Dual health coverage can provide valuable financial protection and flexibility, but also has administrative hurdles to consider.


  • Broader coverage: With two plans, you increase the odds of having medications, services, and providers covered. If one plan lacks certain benefits, the other may fill gaps.
  • Lower out-of-pocket costs: Combining primary and secondary payer contributions can significantly cut your deductibles, copays, and coinsurance.
  • Wider provider choice: Having an out-of-network provider on one plan may be in-network on the other, expanding access.


  • Higher premiums: You’ll likely need to pay premiums for both plans, increasing overall costs.

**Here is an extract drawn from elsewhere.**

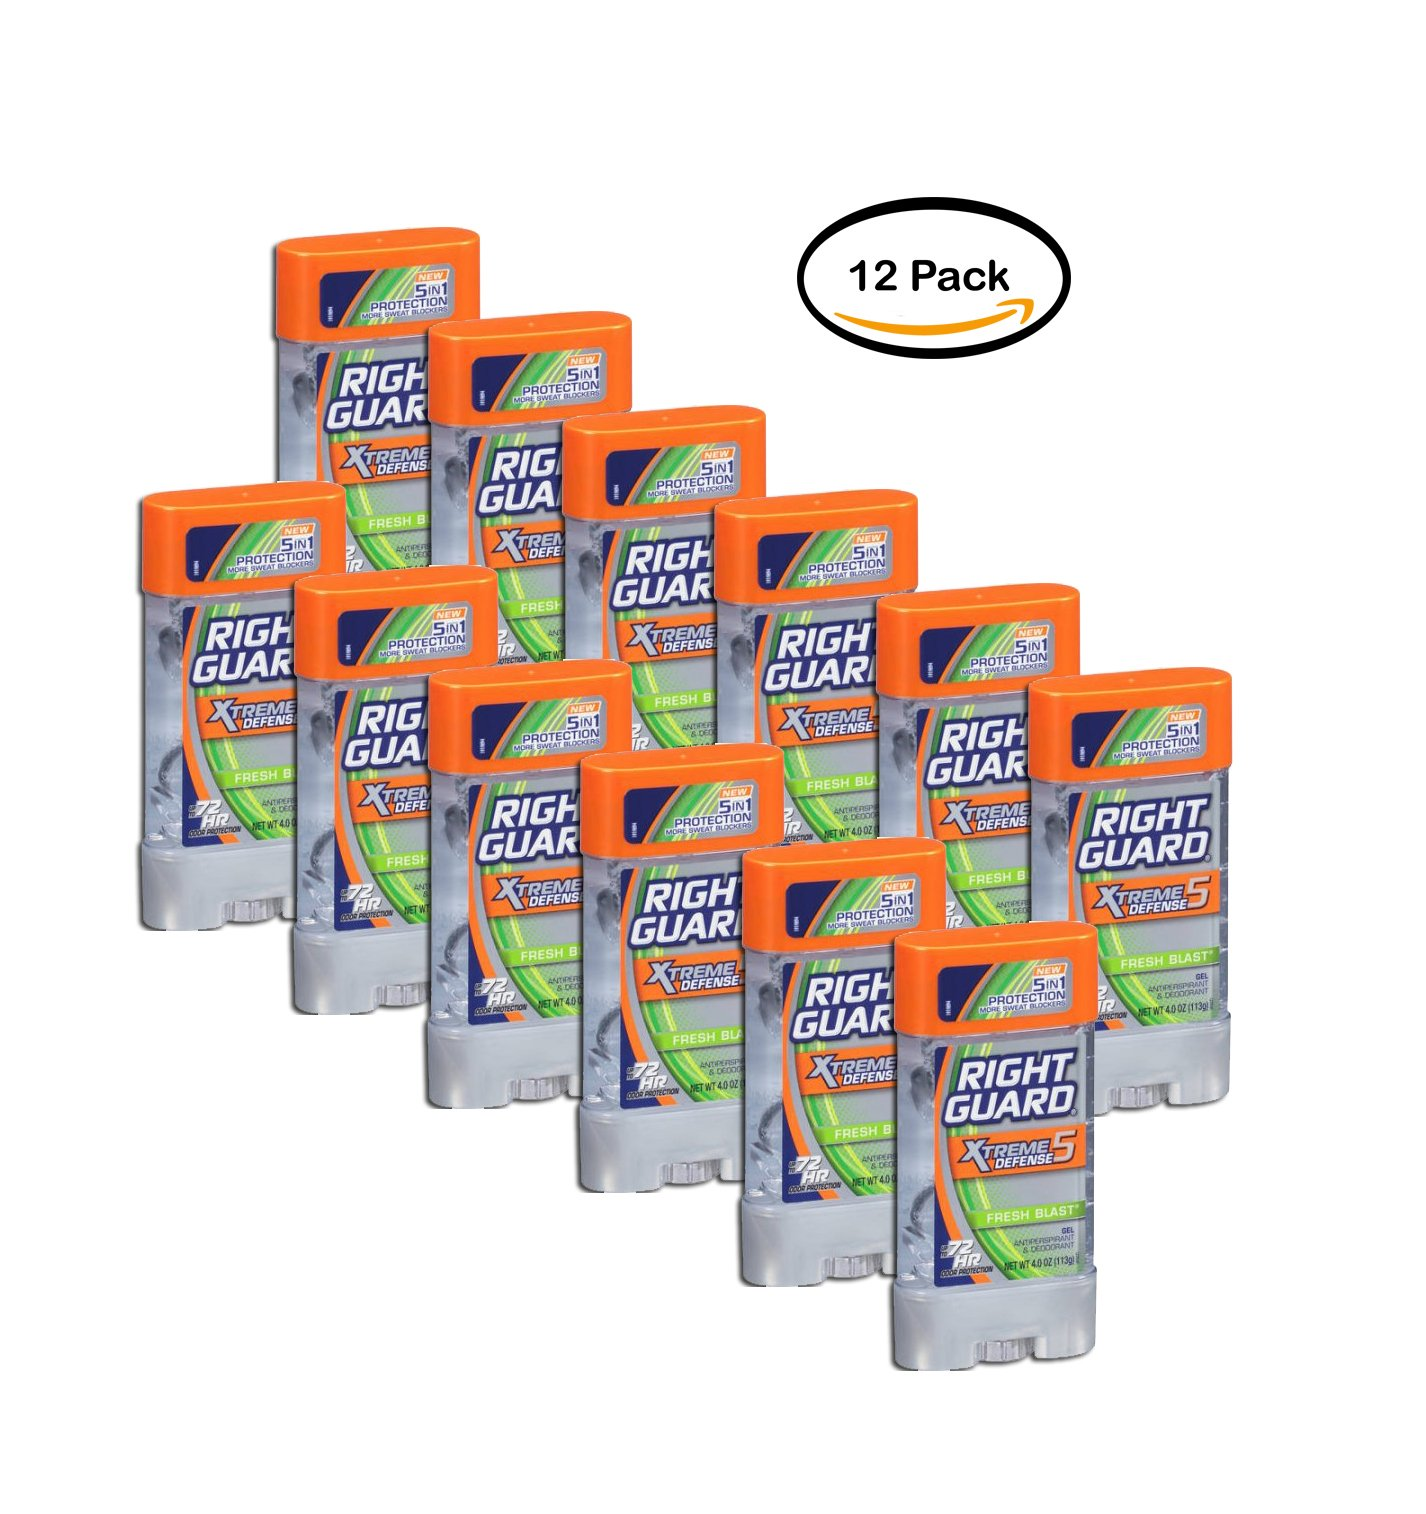 PACK OF 12 - Right Guard Xtreme Defense 5 Antiperspirant Deodorant Gel, Fresh Blast, 4 Oz

Weigh added premiums vs. potential savings.
  • Administrative complexity: Managing dual health coverage involves paperwork, communication between insurers, and coordinating claims.
  • Over-insurance: There’s a risk of paying for more coverage than actually needed if both plans are robust on their own.

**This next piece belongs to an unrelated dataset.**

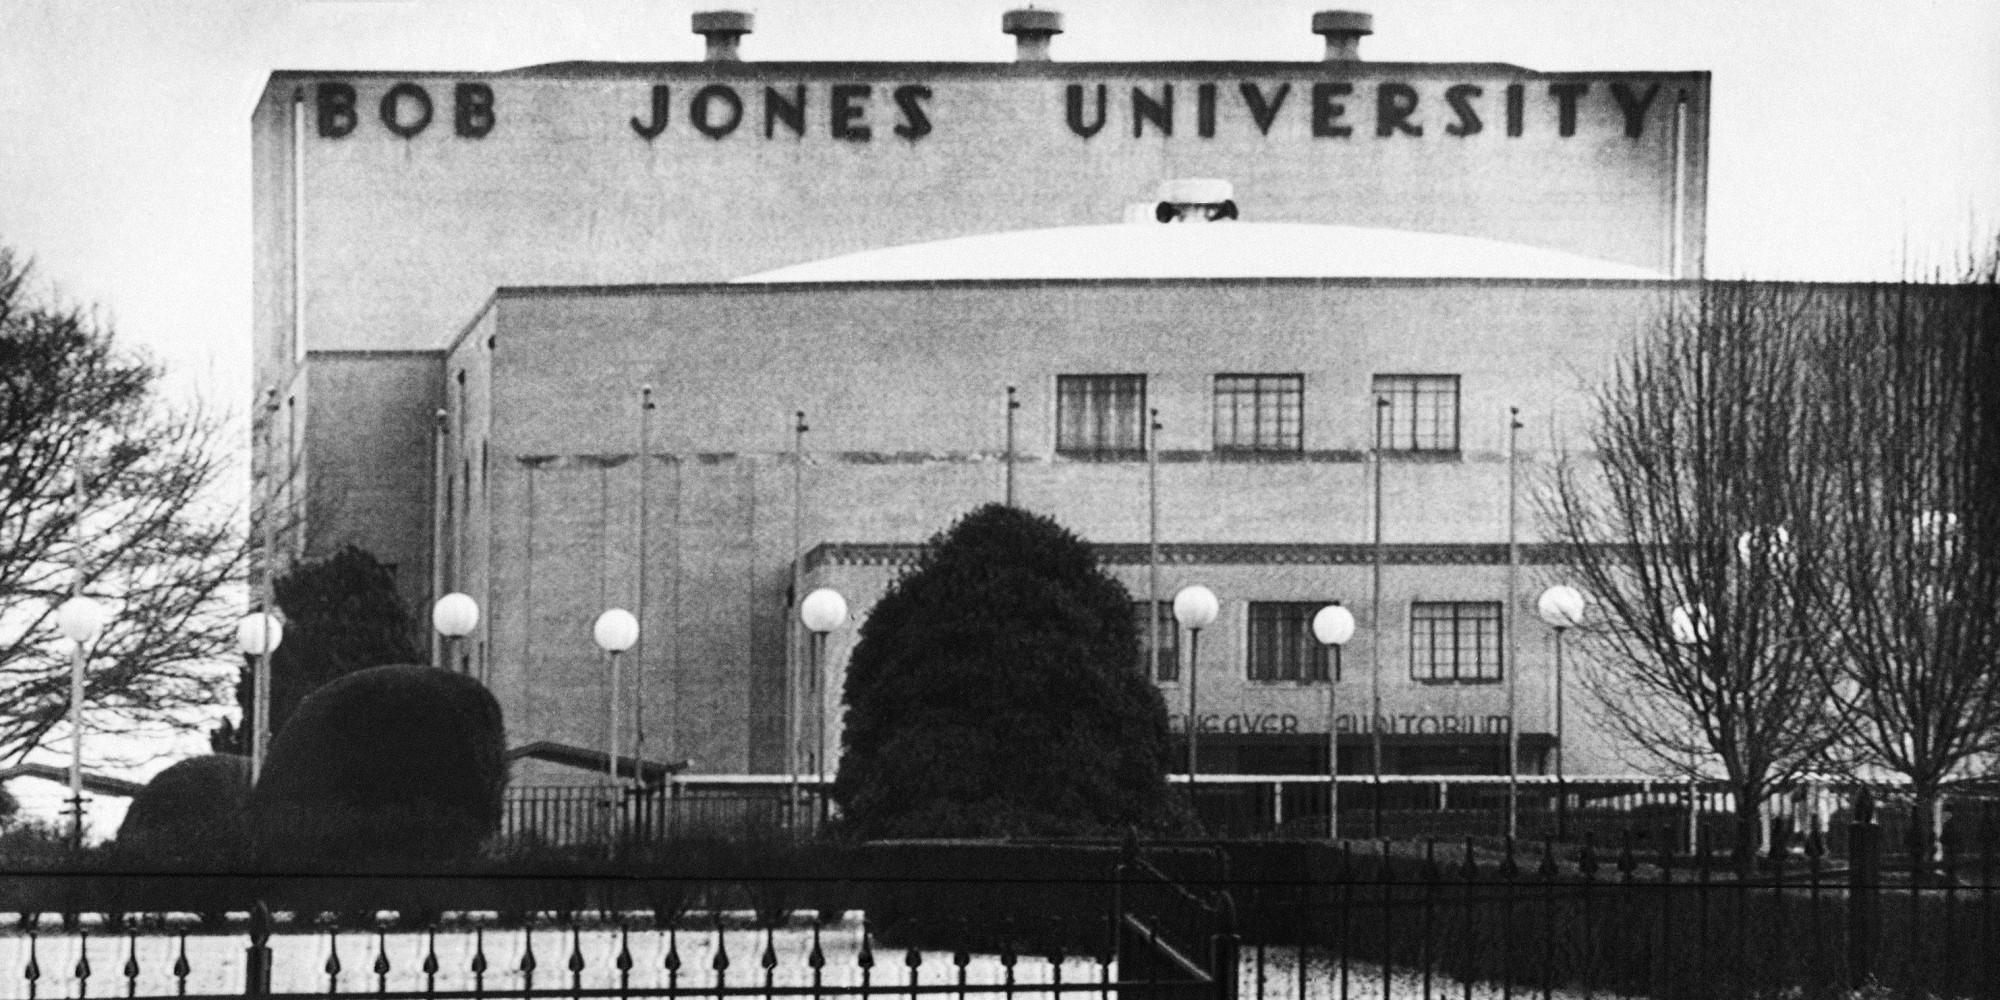 Bob Jones University School of Business Administration Full Time MBA

Tips for Navigating Two Health Plans

If exploring dual coverage, keep the following guidance in mind:

  • Compare plan details carefully: Read documents thoroughly, noting provider networks, prescription formularies, exclusions, out-of-pocket limits.
  • Understand coordination of benefits: Know which insurer is primary vs secondary, and the process for submitting and reconciling claims.
  • Inform providers: Let your doctors, hospitals, and pharmacies know you have two plans and provide card information for both.
  • Meet enrollment and eligibility requirements: Enroll at appropriate times, meet all criteria to qualify, and provide necessary documentation.
  • Consider Marketplace subsidies: Those with dual coverage may still qualify for premium tax credits and cost sharing reductions when enrolling in Marketplace plans.

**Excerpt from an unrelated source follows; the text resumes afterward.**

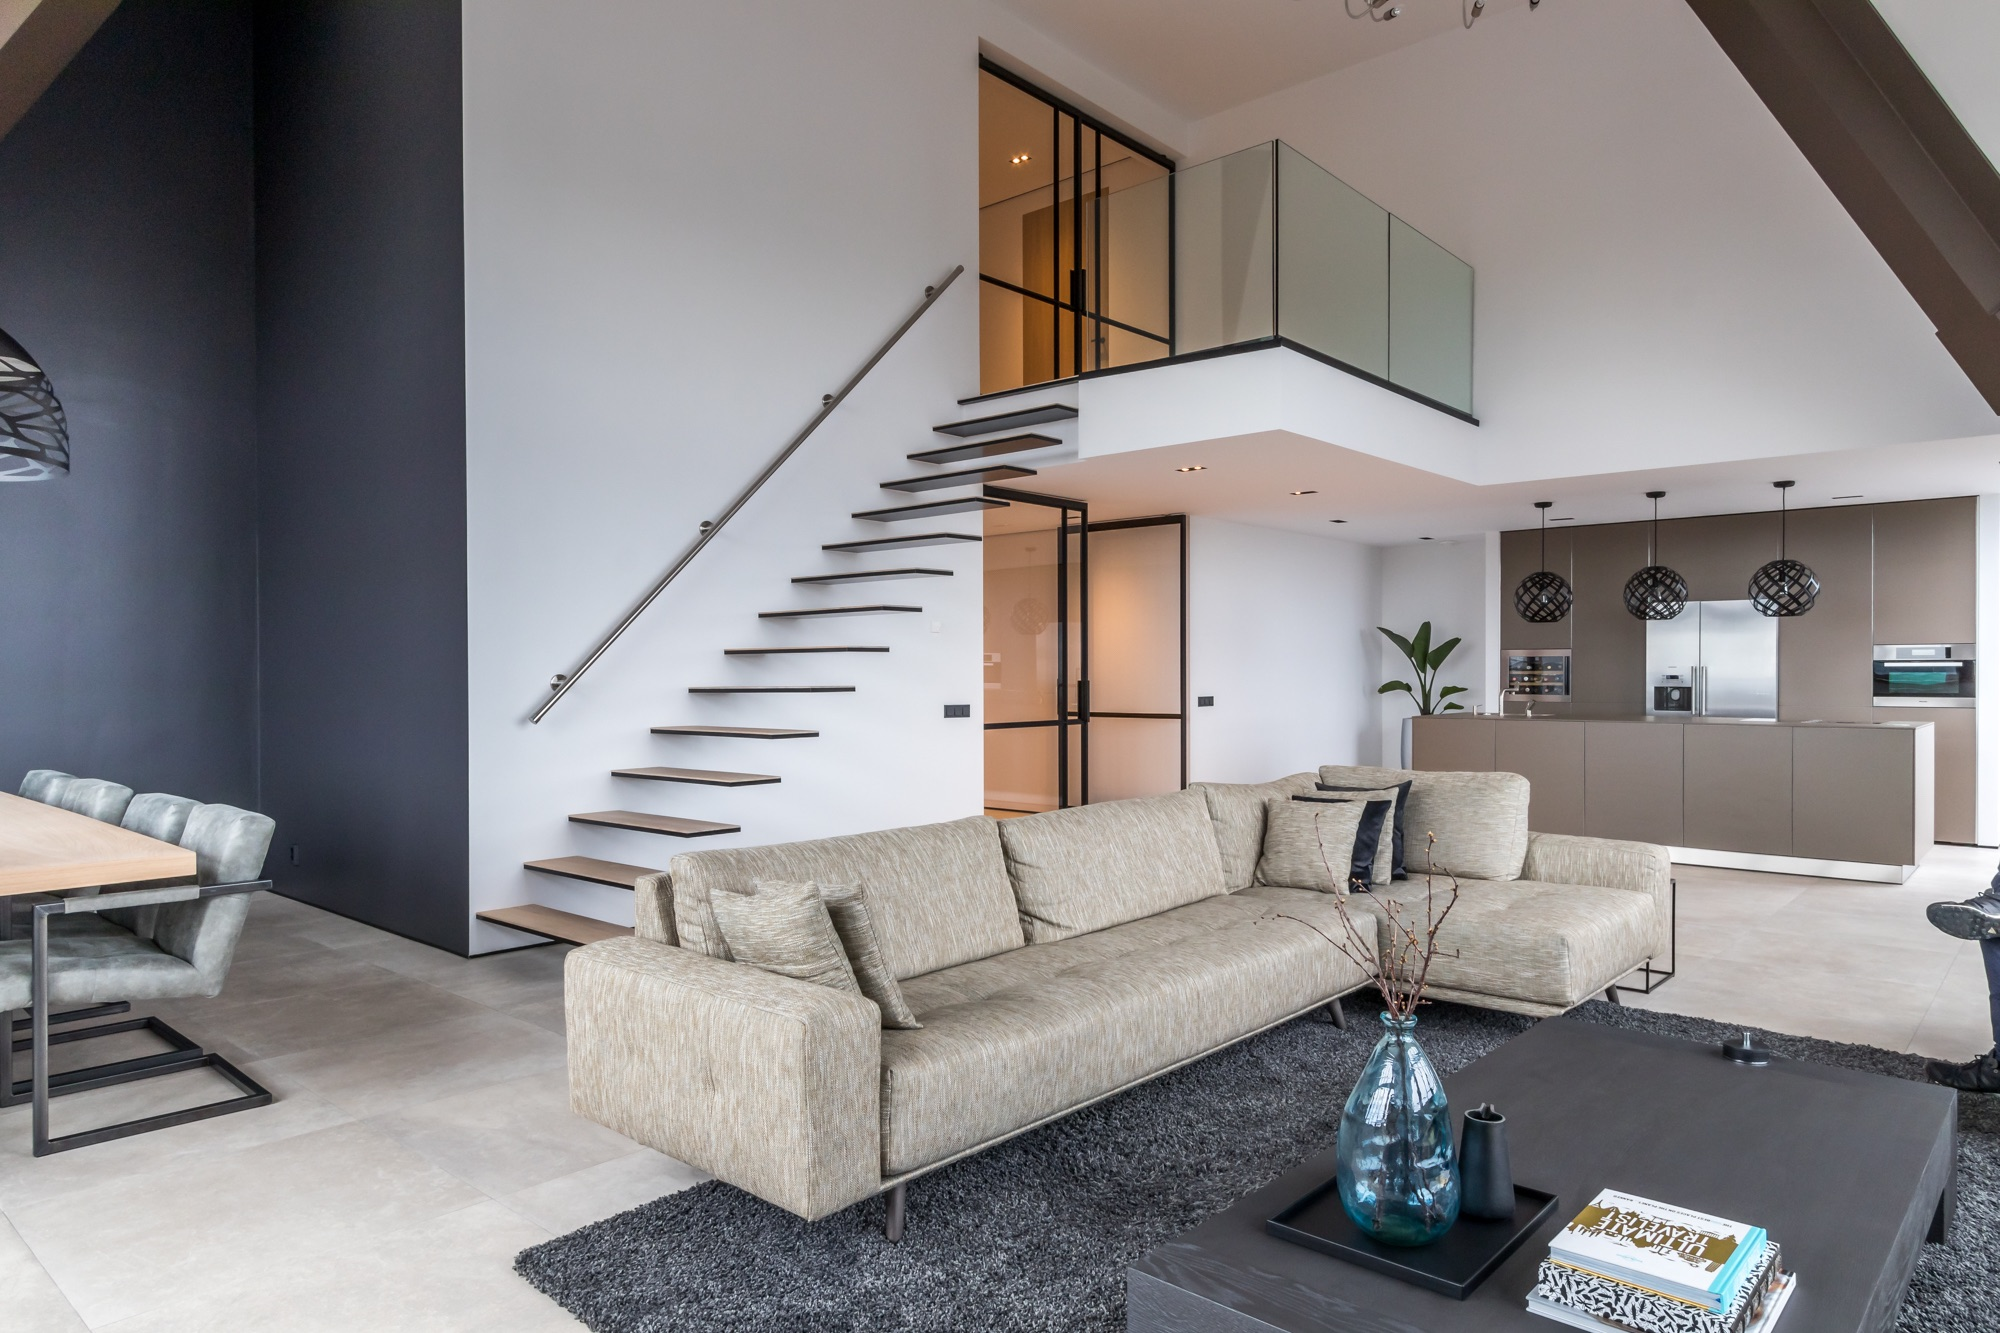 Modern interieur met zwevende stalen trap en glazen balustrade

Changes Coming for 2024 Coverage

The 2024 plan year brings new developments impacting those with dual health insurance:

  • Lower Marketplace premiums: Thanks to the Inflation Reduction Act, federal tax credits will keep Marketplace plan costs low through 2025. Shop for deals.
  • Medicare changes: 2024 brings updates to Medicare like added telehealth benefits that dual enrollees can take advantage of.
  • Medicaid redetermination: States are beginning to process Medicaid renewals after pausing reviews during COVID. Those who lose Medicaid may qualify for special enrollment periods for other coverage.


Dual health insurance coverage can make financial sense for those who qualify and take the time to understand how the two plans work together. As healthcare costs rise, exploring all options for lowering out-of-pocket expenses is wise. Heading into 2024, new developments create opportunities to reevaluate coverage needs and enroll in optimal plans.